The way the ComfyUINode is defined is fully compatible with existing nodes and practices. It simply creates the fields that are expected from a class that ComfyUI imports as a custom node, like INPUT_TYPES. If at any point, you do not like the conventions or they do not work with your use case, you can fall back to the regular way of defining custom nodes in ComfyUI, i.e.:

  • use CATEGORY instead of category
  • use FUNCTION instead of function
  • define your INPUT_TYPES or RETURN_TYPES as always

Only the parts that you choose to use will actually be active, you can mix and match to suit your preferences.

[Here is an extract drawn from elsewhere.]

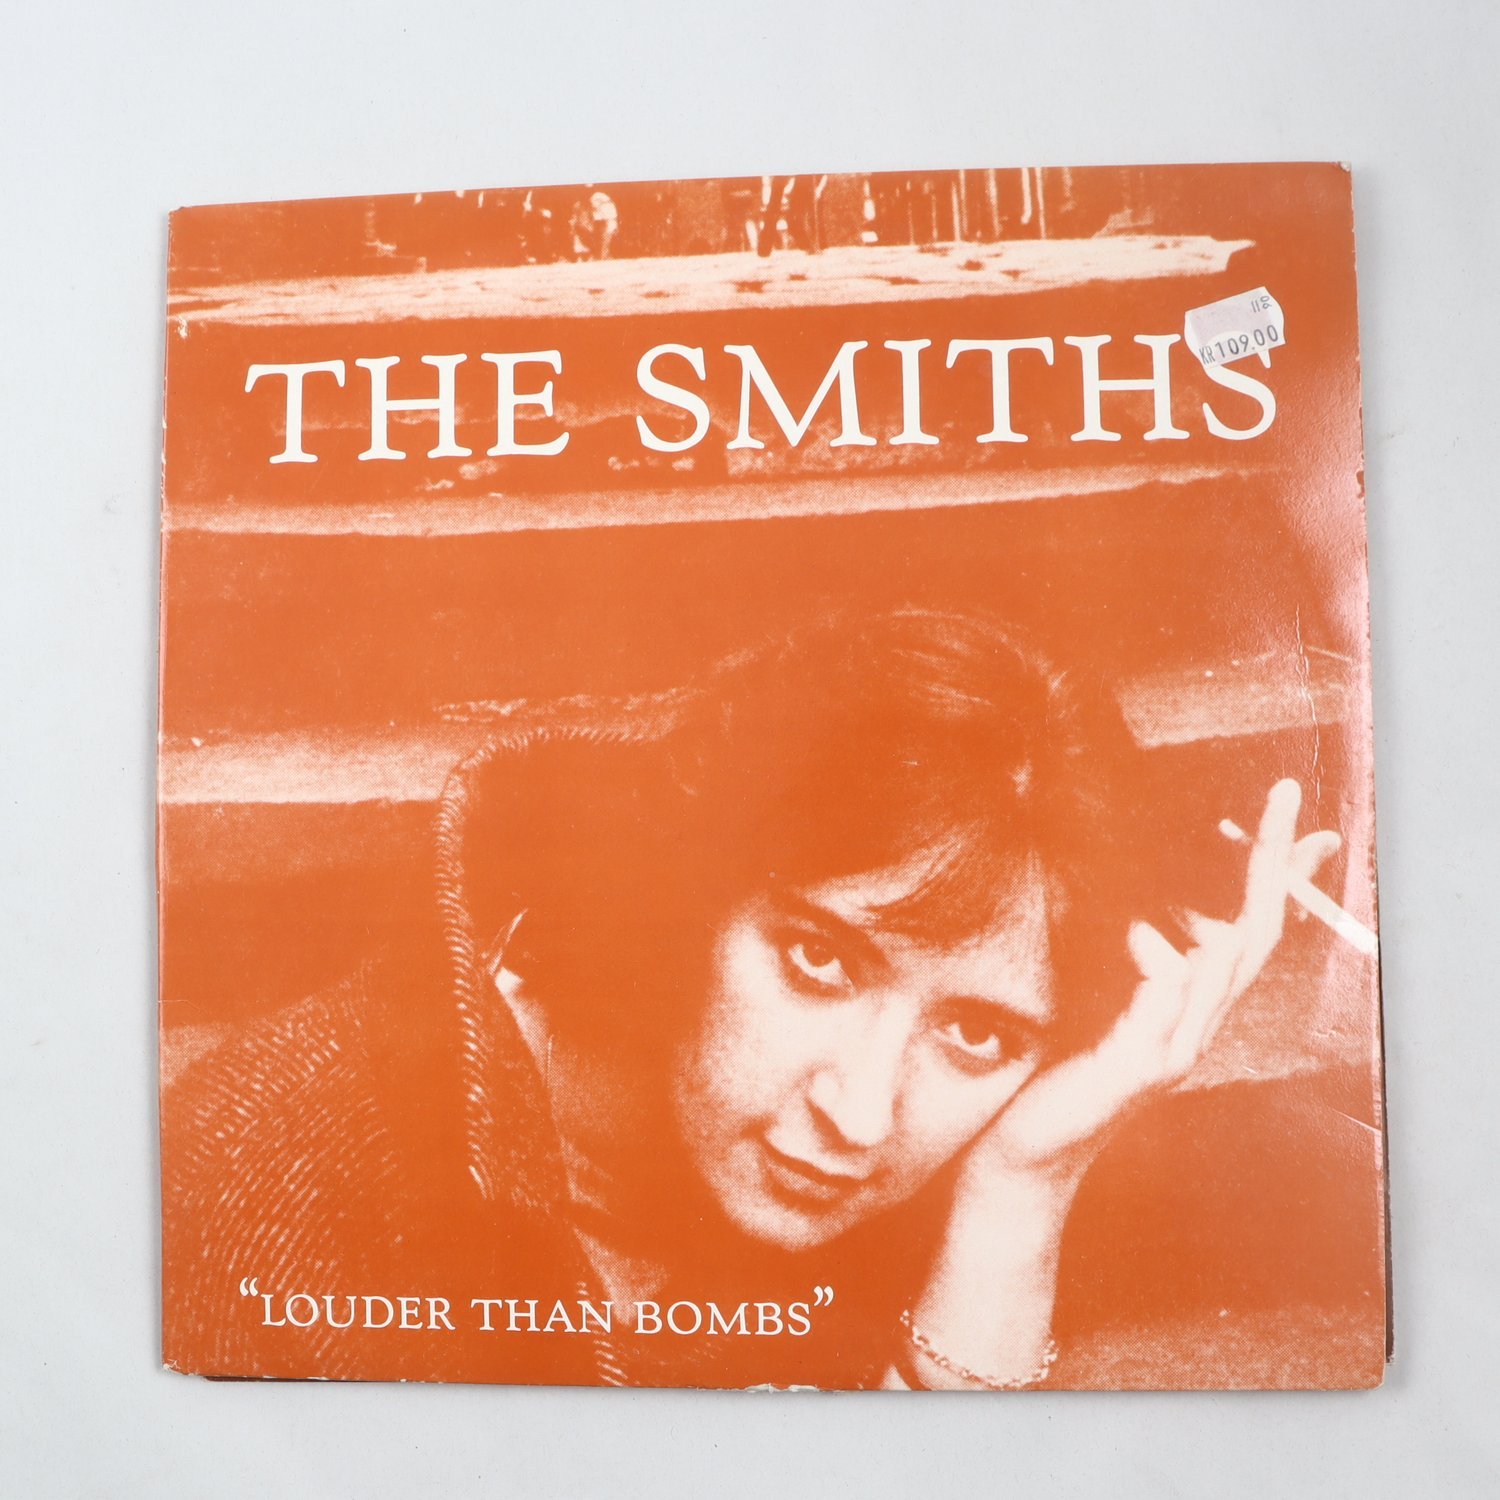 LP The Smiths, Louder Than Bombs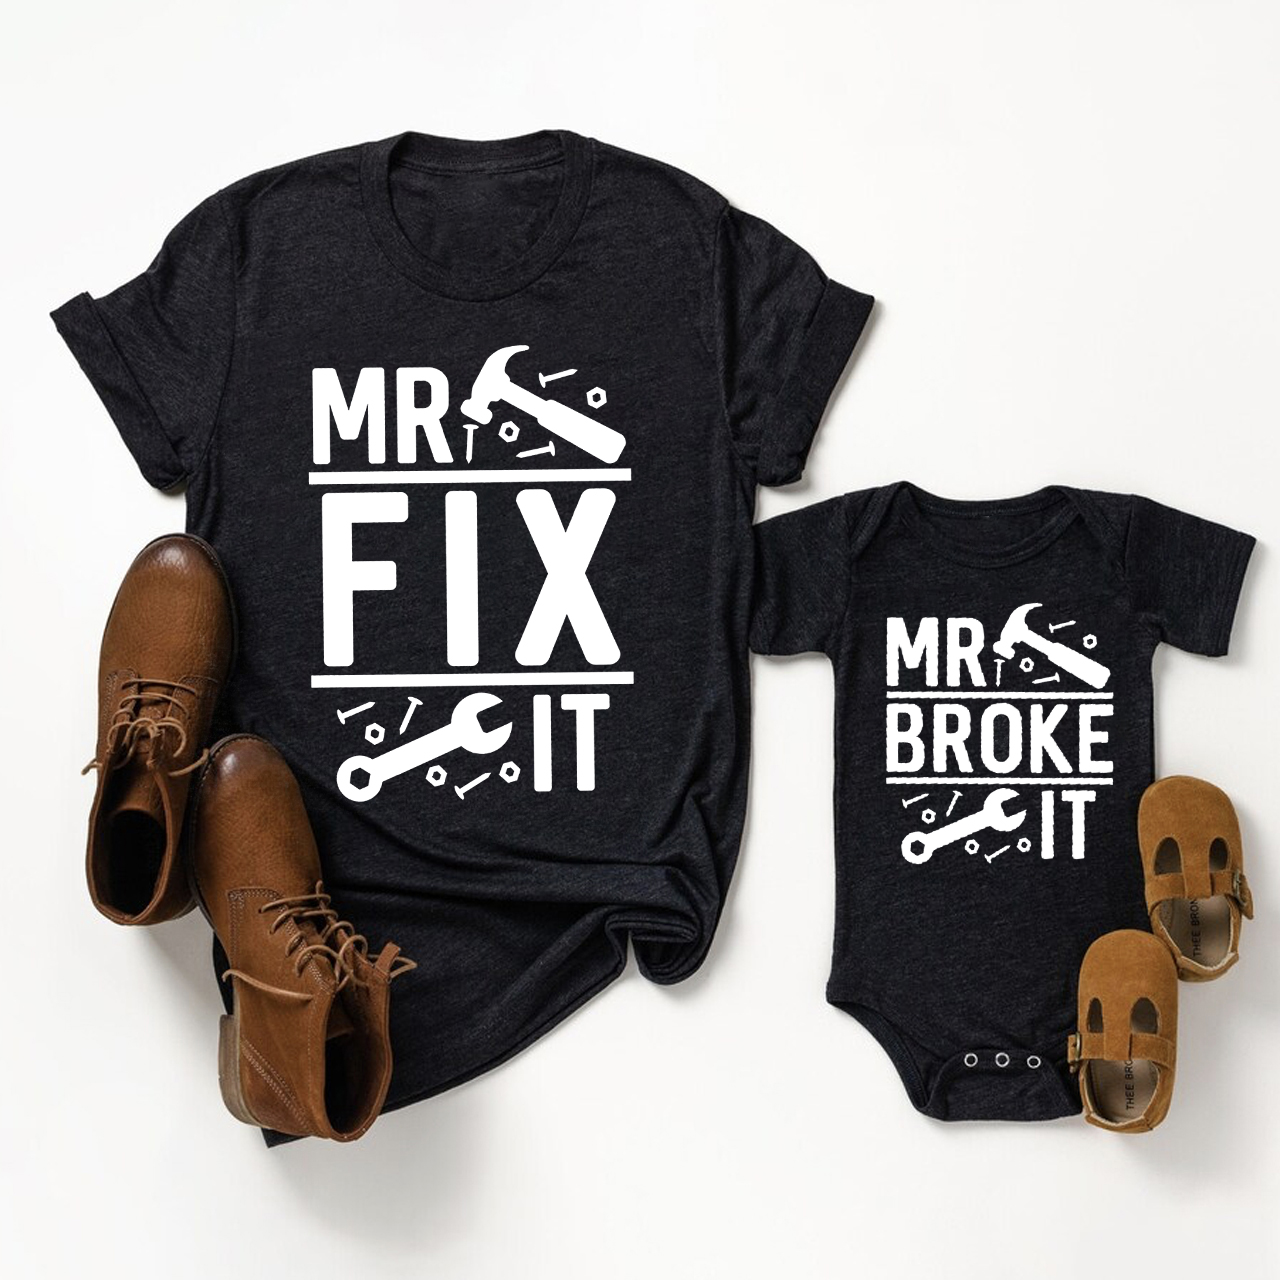 Fix & Broke Matching Tees For Father's Day

Projects using ComfyUI-Types

The following list of projects are using this project. This is not relevant to end-consumers, but if you are developing your own nodes, head over there and get some inspiration and real-world exposure:

  • ComfyUI Claude: A set of custom nodes that are using Anthropic's Claude models for describing images and transforming texts.

If you want to add a project to this list, please open a PR!

Development

The project uses tox for development. You can get started like this:

git clone https://github.com/tkreuziger/comfyui-types.git ./comfyui_types
pip install -e ./comfyui_types

Then you can run different parts of the pipeline:

# Format code with Ruff
tox -e format

# Run linters Ruff and MyPy
tox -e lint

# Build the package
tox -e build

License

This code is provided under the terms of the GPL-3.0 license.

Contributions

Contributions of any kind (bug fixes, extensions, documentation etc.) are always welcome, simply open a PR!